Si Lyla resulta ser la Cantora de la Luna, reduce mis posibilidades de estar alguna vez con Ramsey y eso era lo que más temía. Para mis padres, Ramsey podría ser un logro para nuestra manada y la familia – llegar a ser Luna del Trono de la Luna Blanca no es tarea fácil… pero para mí…

Es casarme con el hombre que amo. Amo a Ramsey… siempre lo he hecho, durante mucho tiempo. Temía que nunca pudiera cumplir mis sueños de tener hijos con él, despertarme a su lado y que él fuera simplemente lo mejor que me ha pasado.

Pero ahora no importa… Me conformaré con solo tenerlo como mi compañero… eso será suficiente. Unos minutos después, él llegó conduciendo. Lo observé con una sonrisa divertida mientras saltaba del coche y comenzaba a caminar hacia la casa de la manada…

—Y comienza el drama —susurré para mí misma, tomando otro sorbo de mi café.

Los corredores que llevan a mi habitación resonaban con sus pasos decididos mientras se dirigía hacia mí. Mi habitación está al final del Ala Oeste en la Casa de la Manada, un ala construida especialmente para la Luna.

No se molestó en llamar, la puerta se abrió de golpe con tal fuerza que golpeó contra la pared, el sonido resonando por la Casa de la Manada Luna Blanca.

Donde estaba sentada, apenas me inmuté, ya estaba acostumbrada a sus arrebatos de ira. Tomé otro sorbo de mi taza, mis uñas perfectamente manicuradas golpeando su borde.
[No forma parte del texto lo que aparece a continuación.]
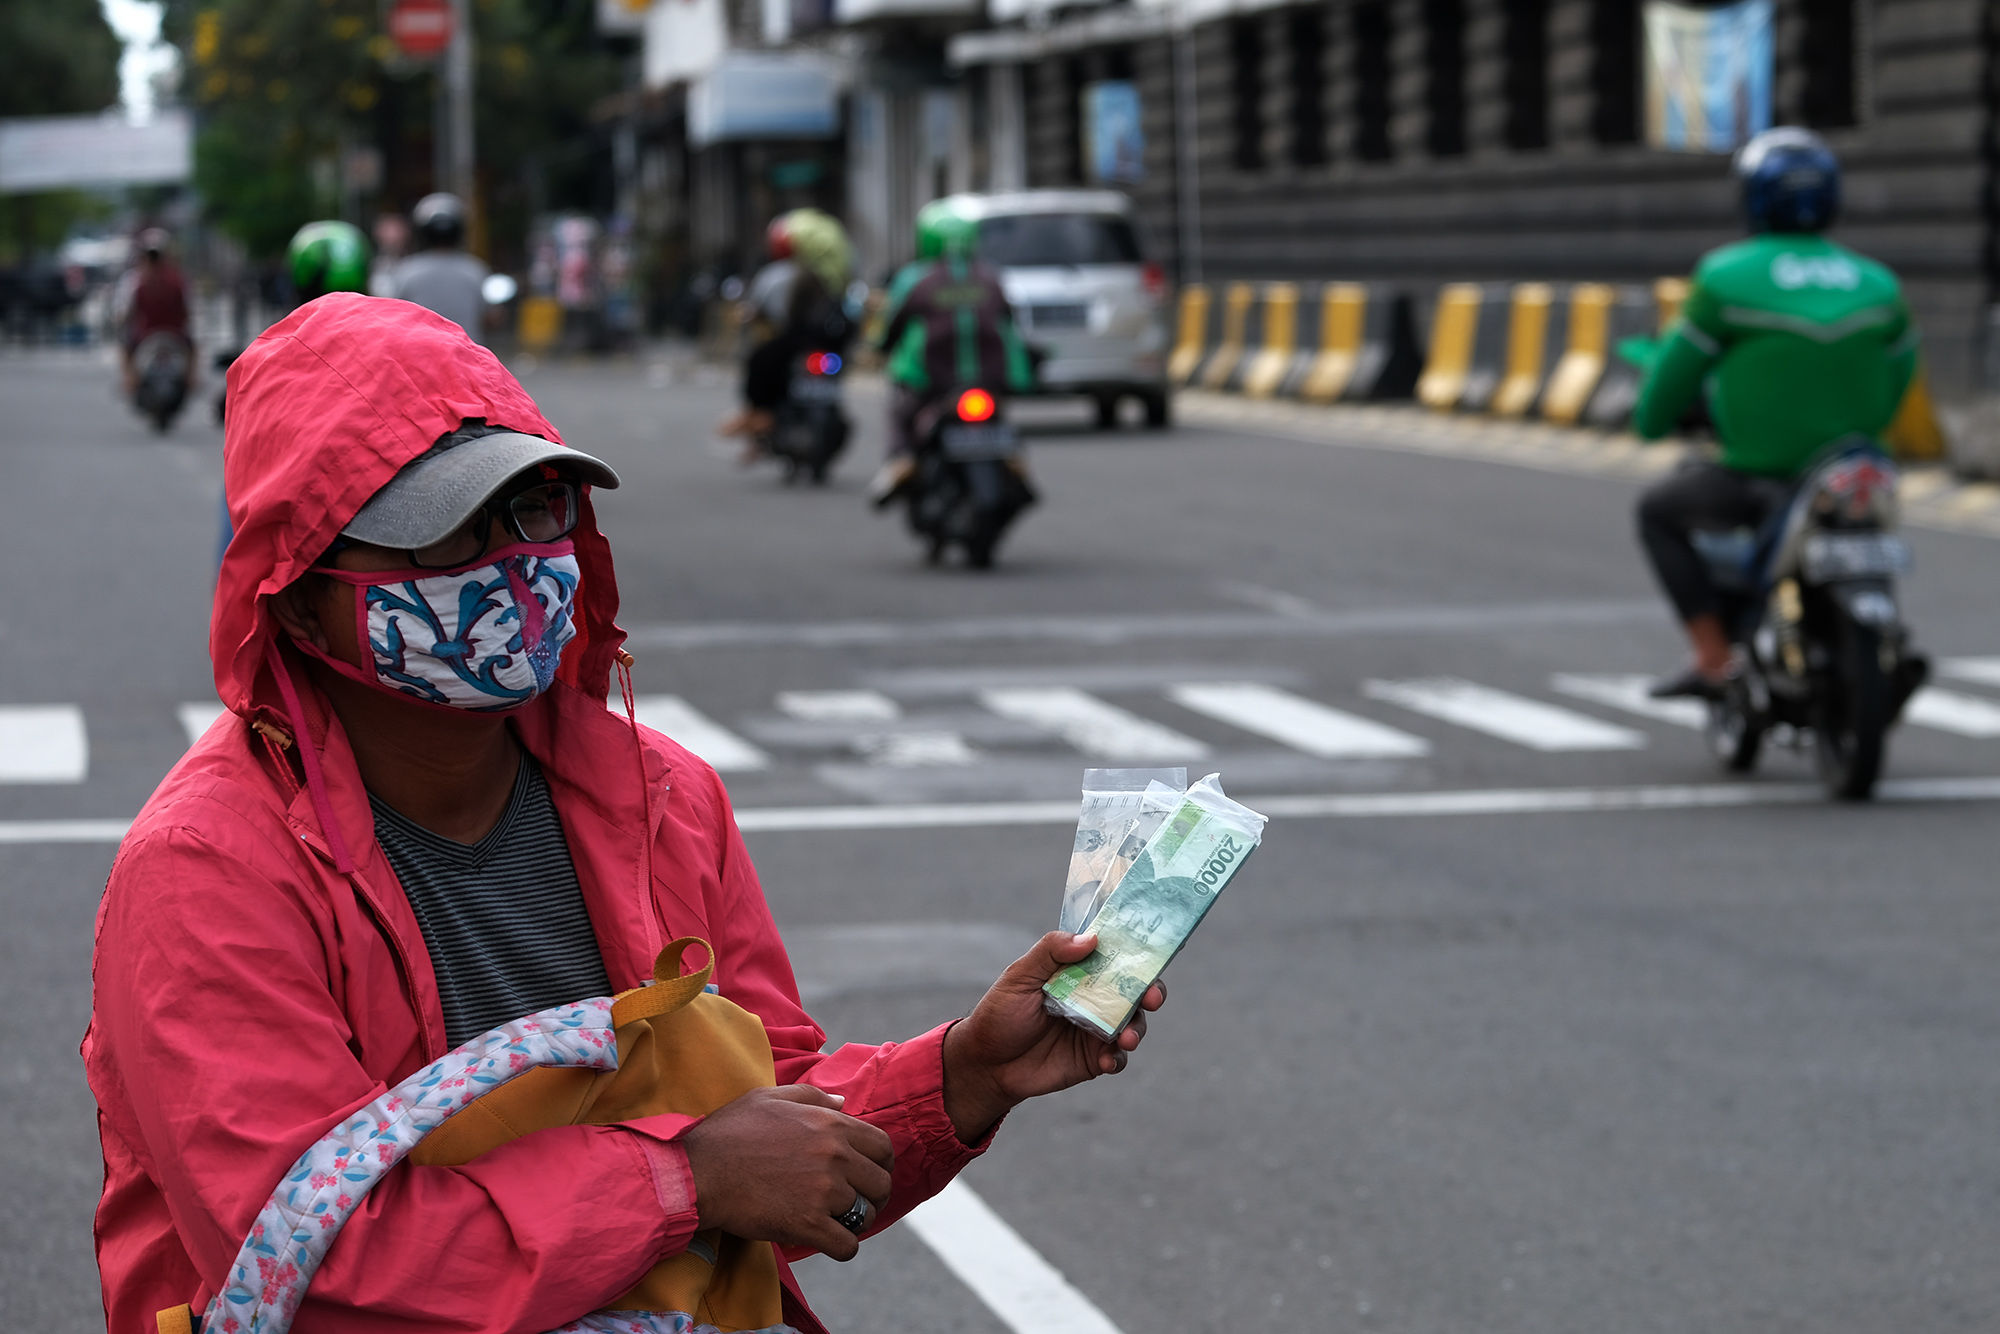 <p>Penjual jasa penukaran uang menunggu konsumen di kawasan Kota Tua, Jakarta Barat, Sabtu 23 Mei 2020. Memasuki H-1 lebaran, warga masih banyak menggunakan jasa penukaran uang di pinggir jalan tersebut guna mendapatkan uang kertas baru pecahan Rp1.000 hingga Rp20.000, dengan biaya jasa sebesar Rp5000. Foto: Ismail Pohan/TrenAsia</p>

Nuestras miradas se encontraron y por la más breve de las fracciones de segundo, él quiso gritar pero se contuvo, haciendo señas para que mi criada saliera de la habitación. En cuanto nos quedamos solos, se giró hacia mí.

—¿Qué diablos estabas pensando, Cassidy? —rugió, con los puños apretados a su lado.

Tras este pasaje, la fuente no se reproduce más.